To illustrate our approach, we analyse publicly available summarized data from a metabolite genome-wide association study (GWAS) on nearly 25 000 participants to rank and prioritise metabolites as potential biomarkers for age-related macular degeneration. Data are available on genetic associations with 118 circulating metabolites measured by nuclear magnetic resonance (NMR) spectroscopy [11] from http://computationalmedicine.fi/data#NMR_GWAS. This NMR platform provides a detailed characterisation of lipid subfractions, including 14 size categories of lipoprotein particles ranging from extra small (XS) high density lipoprotein (HDL) to extra-extra-large (XXL) very low density lipoprotein (VLDL). For each lipoprotein category, measures are available of total cholesterol, triglyceride, phospholipid, and cholesterol esters, and additionally diameter of the lipoprotein particles. Apart from lipoprotein measurements, this metabolite GWAS estimated genetic associations with amino acids, apolipoproteins, fatty and fluid acids, ketone bodies, and glycerides. This dataset also guides the design of our simulation study.
Results
Multivariable Mendelian randomizaton and risk factor selection
Multivariable MR is an extension of the standard MR paradigm (Figure 1) to model not one, but multiple risk factors as illustrated in Figure 2, thus accounting for measured pleiotropy. The current implementation of multivariable MR is based on an inverse-variance weighted (IVW) linear regression in a two-sample framework, where the genetic associations with the outcome (sample 1) are regressed on the genetic associations with all the risk factors (sample 2) in a multivariable regression. Weights in these regression models are proportional to the inverse of the variance of the genetic association with the outcome. This is to ensure that genetic variants having more precise association estimates receive more weight in the analysis. The causal effect estimate from the multivariable MR represents the direct causal effects of the risk factors in turn on the outcome when all the other risk factors in the model are held constant [12,13]. However, the current implementation of multivariable MR is not designed to consider a high-dimensional set of risk factors and is not suitable to select biomarkers from high-throughput experiments.

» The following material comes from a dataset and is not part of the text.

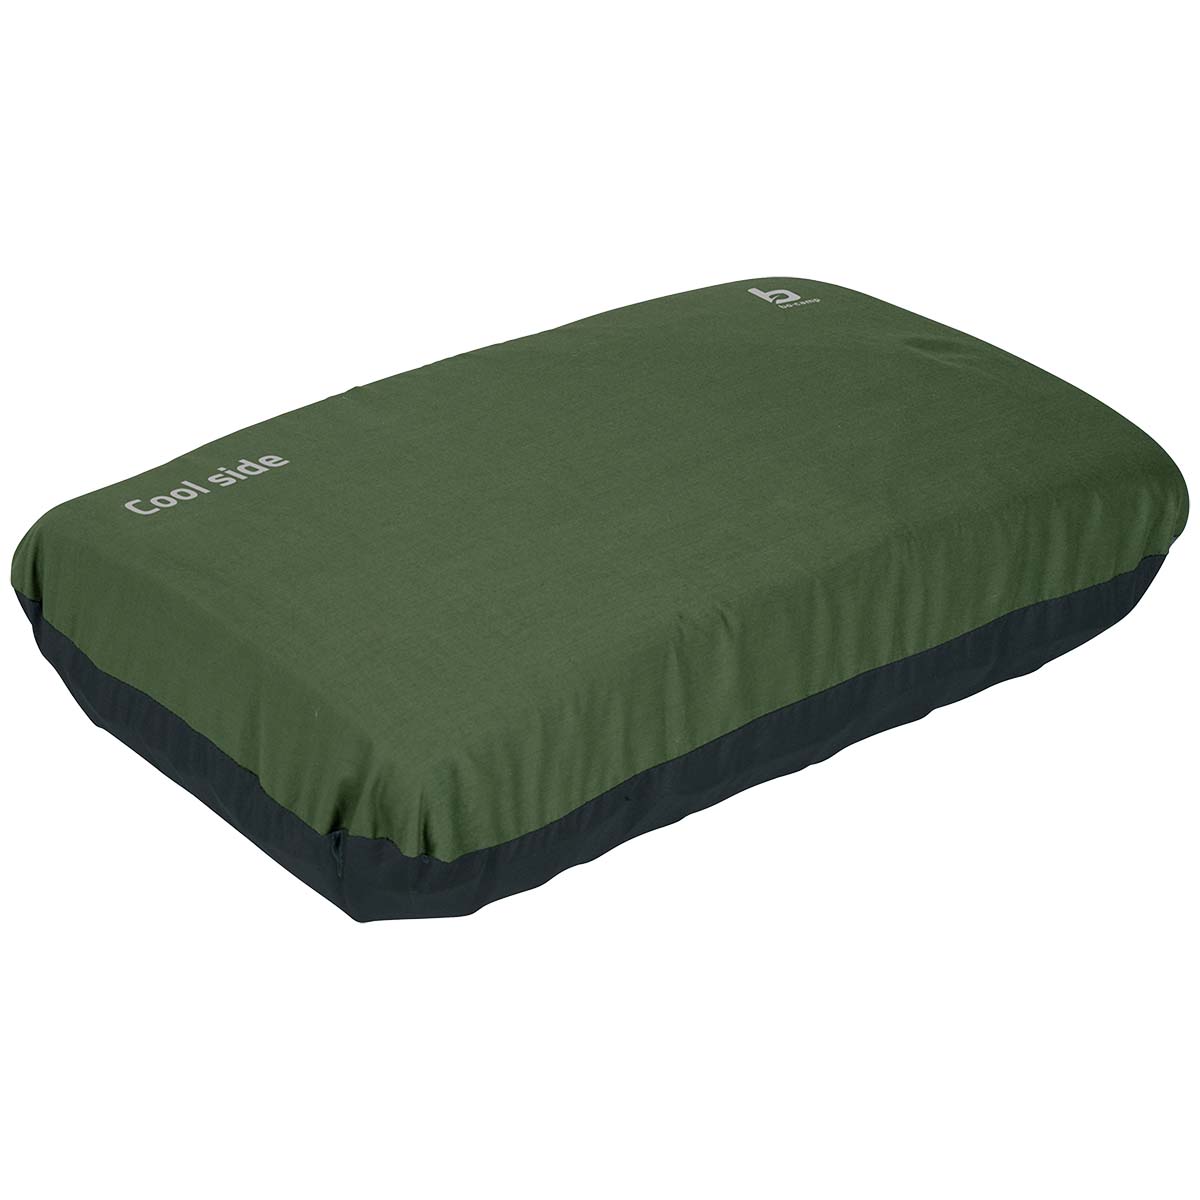 3506640 "A comfortable pillow. Adjusts to the ergonomics of the user. A 'cool side' with polyester cotton and a 'warm side' with soft polyester. Both sides of the pillow can therefore be used. Different comfort on top and bottom. The hardness and height of the air cushion are adjustable with air."

To allow joint analysis of biomarkers from high-throughput experiments in multivariable MR we cast risk factor selection as variable selection in a weighted linear regression model. Formulated in a Bayesian framework (for full details we refer to the Methods section) we use independence priors and closed-form Bayes factors to evaluate the posterior probability (PP) of specific models (i.e. one risk factor or a combination of multiple risk factors). In high-dimensional variable selection, the evidence for one particular model can be small because the model space is very large and many models might have comparable evidence. This is why MR-BMA uses Bayesian model averaging (BMA) and computes for each risk factor its marginal inclusion probability (MIP), which is defined as the sum of the posterior probabilities over all models where the risk factor is present. MR-BMA reports the model averaged causal effects (MACE) as the direct causal effect of a risk factor on an outcome. As we show in a simulation study on real biomarker data, MR-BMA enables sparse modeling and hence a better and more stable detection of the true causal risk factors.
Detection of invalid instruments
Invalid instruments may be detected as influential points or outliers with respect to the fit of the linear model. Outliers may arise for a number of reasons, but they are likely to arise if a genetic variant has an effect on the outcome that is not mediated by one or other of the risk factors – an unmeasured pleiotropic effect. To quantify outliers we use the Q-statistic, which is an established tool for identifying heterogeneity in meta-analysis [14]. More precisely, to pinpoint specific genetic variants as outliers we use the contribution q of the variant to the overall Q-statistic, where q is defined as the squared difference between the observed and predicted association with the outcome.
Even if there are no outliers, it is advisable to check for influential observations and re-run the approach omitting that influential variant from the analysis. If a particular genetic variant has a strong association with the outcome, then it may have undue influence on the variable selection, leading to a model that fits that particular observation well, but other observations poorly. To quantify influential observations we suggest to use Cook’s distance (Cd) [15]. We illustrate the detection of influential points and outliers in the applied example.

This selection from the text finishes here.